**INSTRUCTIONS TO FOLLOW:** Apart from the pictures, the listing is to be returned exactly.

**DATA EXTRACT:**
────

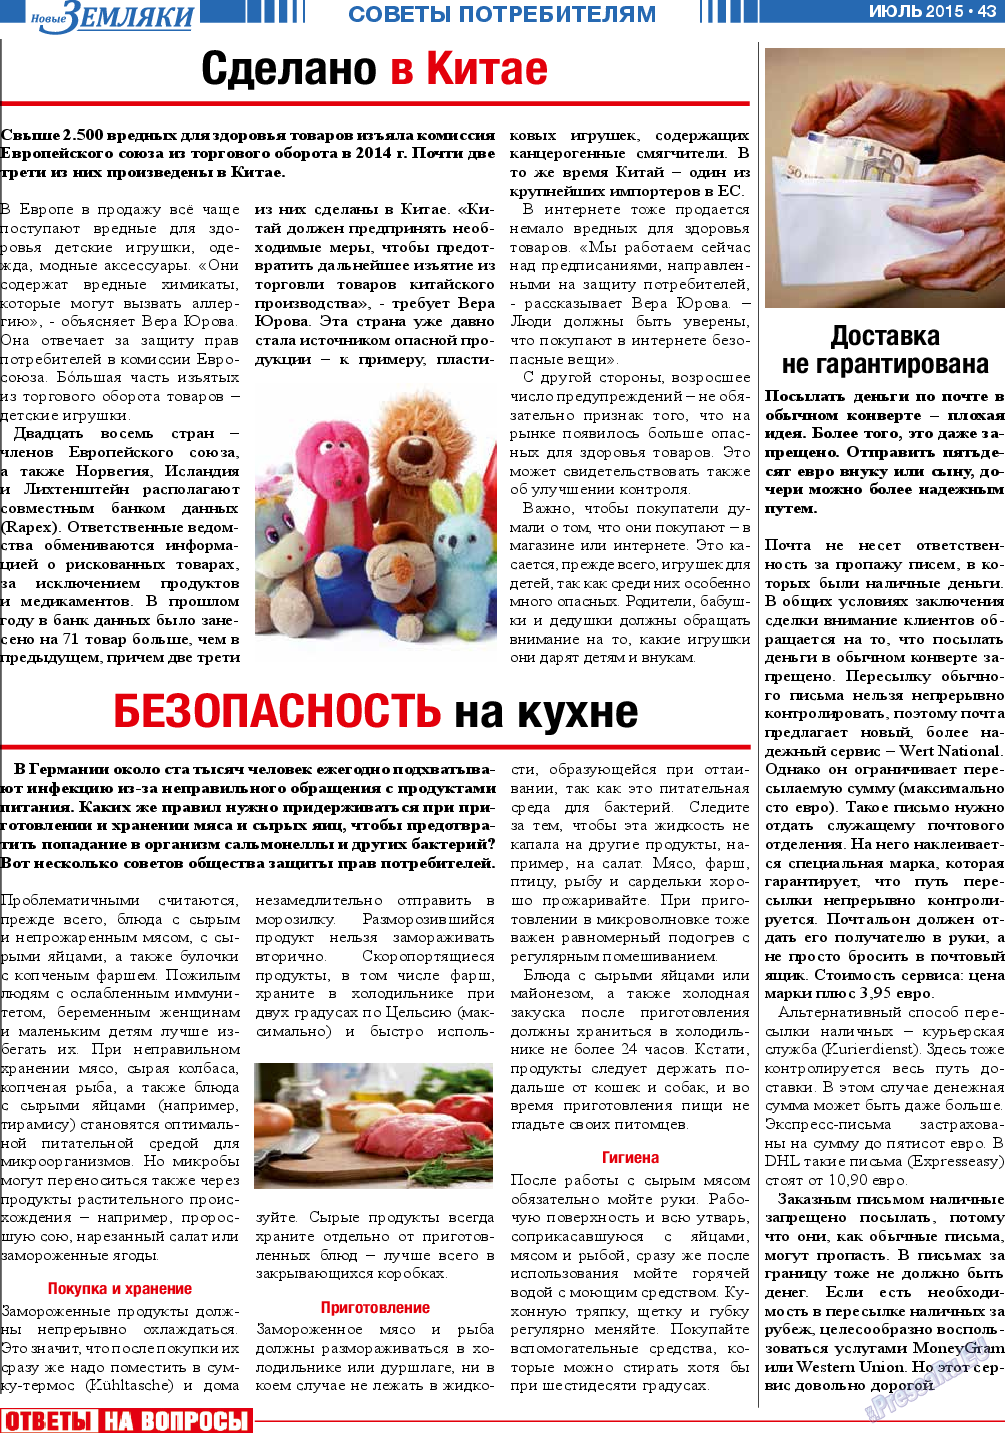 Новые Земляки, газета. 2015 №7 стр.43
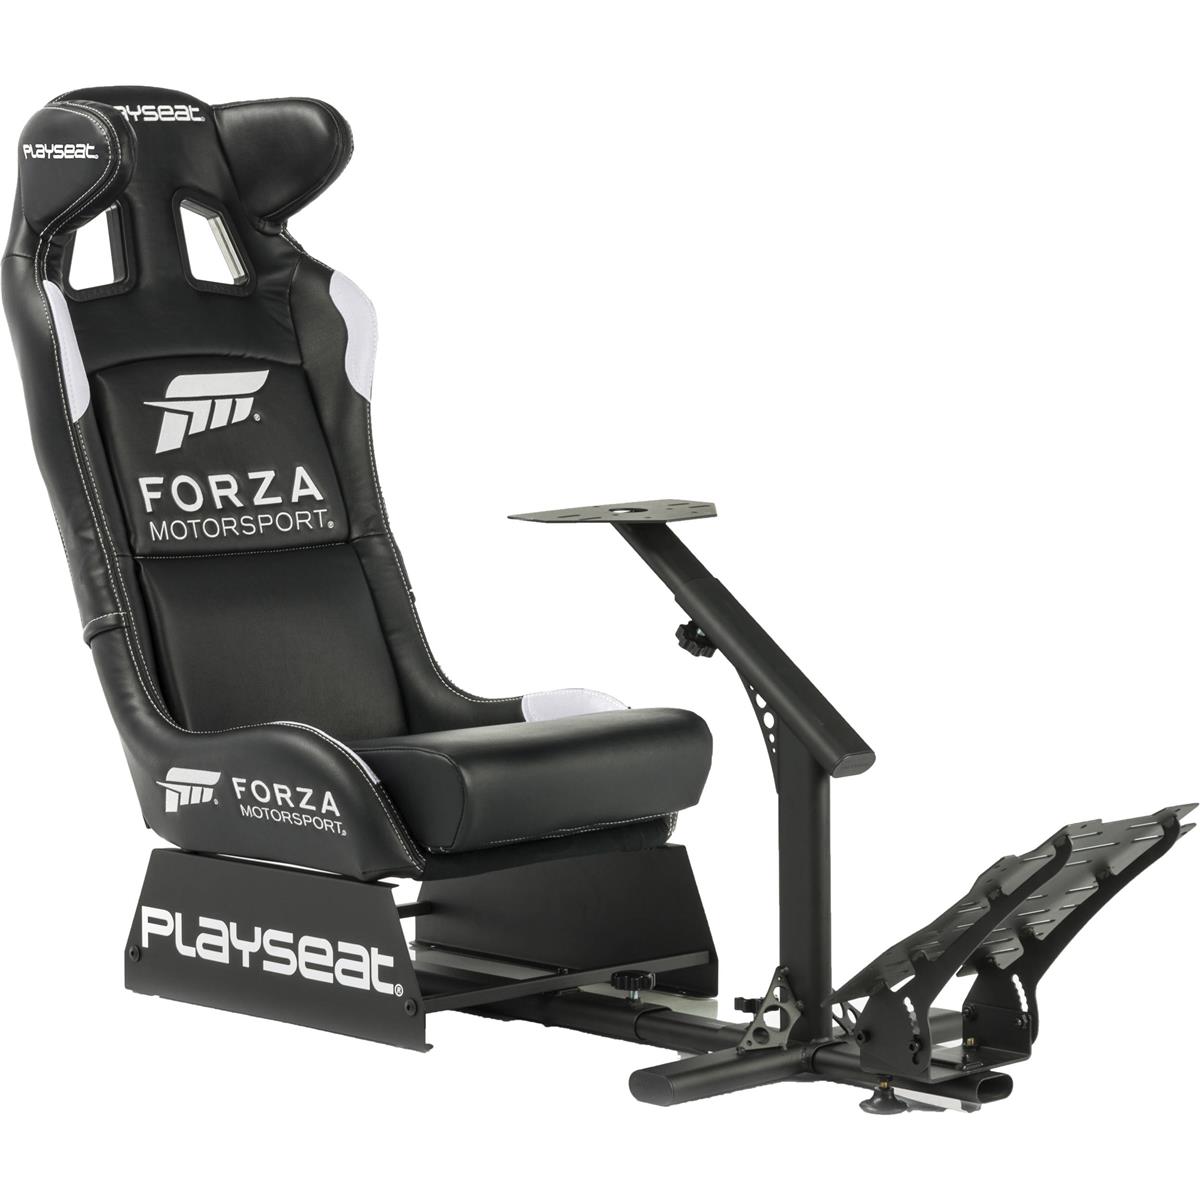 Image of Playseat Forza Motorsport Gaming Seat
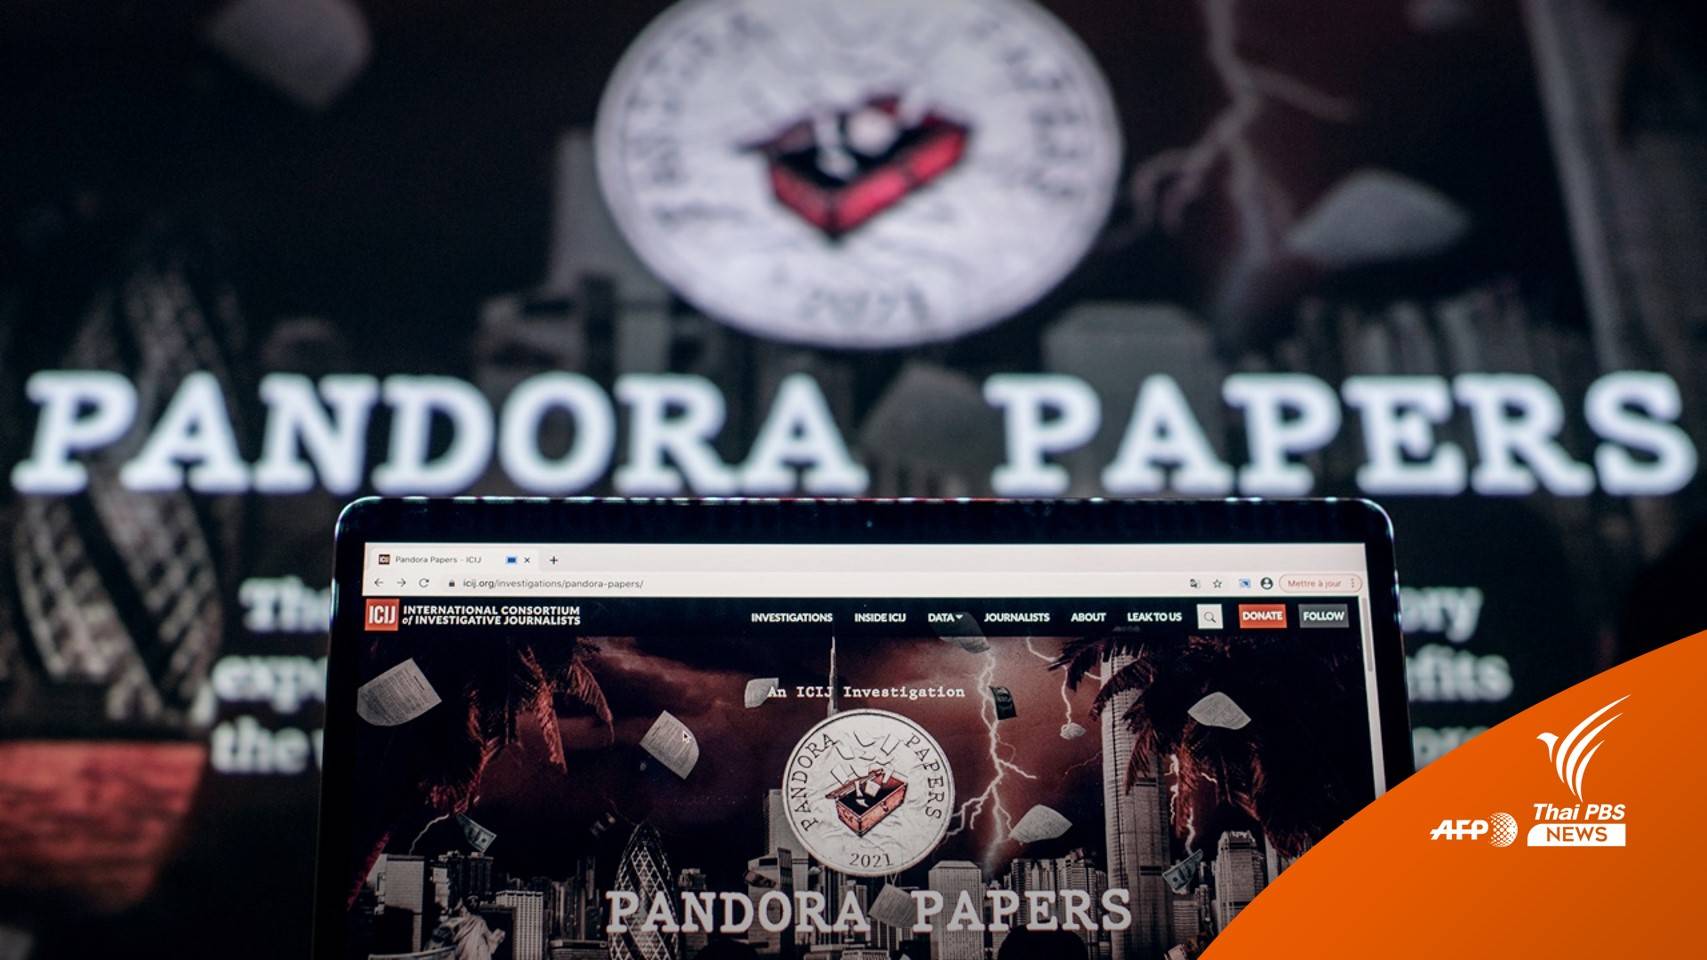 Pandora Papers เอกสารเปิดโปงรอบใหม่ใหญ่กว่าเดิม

────

**EXPECTED ANSWER:**
 Новые Земляки, газета. 2015 №7 стр.43
 Image of Playseat Forza Motorsport Gaming Seat
 Pandora Papers เอกสารเปิดโปงรอบใหม่ใหญ่กว่าเดิม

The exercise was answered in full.